Katie Lee's Roasted Pumpkin And Pomegranate Salad

Katie Lee's Roasted Pumpkin And Pomegranate Salad
4 from 1 ratings
Pomegranate and pumpkin mis flawlessly in the recipe by Katie Lee, Clos du Bois ambassador. Although she keeps this one on the menu for Thanksgiving, we think this recipe has a little more lee-way in terms of the seasons. It also makes for a great way to eat light, while devouring your favorite pumpkin flavors. 
Servings
4
servings
Ingredients
  • 3 cup sugar pumpkin, peeled and cut into ½-inch cubes (about 3 pounds)
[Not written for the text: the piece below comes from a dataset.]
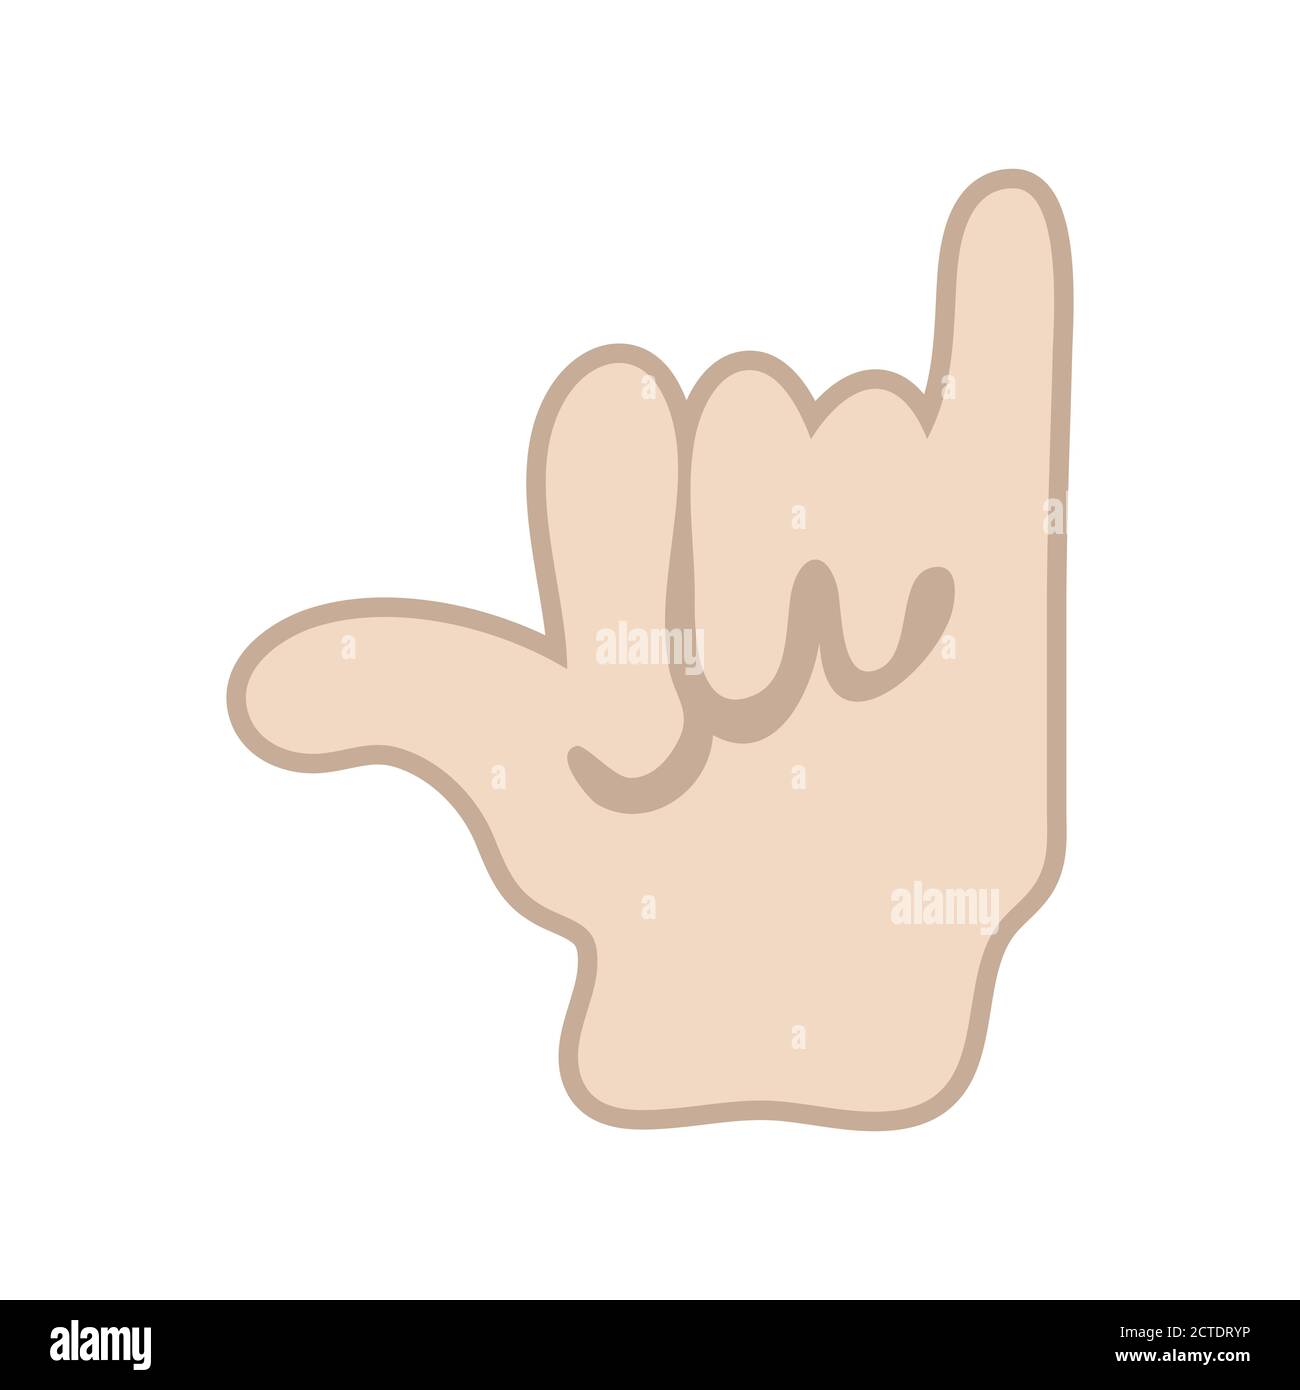 Shaka hand gesture, hang loose, symbol for surfer greeting, cartoon vector illustration design Stock Vector

  • 2 tablespoon olive oil
  • kosher salt and freshly ground black pepper
  • 6 cup lightly packed baby arugula
  • 2 tablespoon roasted and salted pepitas (shelled pumpkin seeds)
  • 1/4 cup pomegranate seeds
  • 1/4 cup parmesan cheese savings
  • 1 shallot, minced
  • 3 tablespoon balsamic vinegar
  • 1/4 cup extra virgin olive oil
  • 1 tablespoon dijon mustard
  • 1 tablespoon pomegranate molasses (or honey)
  • kosher salt and freshly ground black pepper
Directions
  1. Preheat the oven to 400°F.
  2. Toss the pumpkin with the olive oil and season with salt and pepper. Arrange in a single layer on a baking sheet and roast for 45 minutes, until fork tender. Let cool completely.
  3. Place the arugula in a large salad bowl. Top with roasted pumpkin, pepitas, and pomegranate seeds. Garnish with Parmesan shavings and serve with vinaigrette.
  4. In a small bowl, whisk all the ingredients together until emulsified.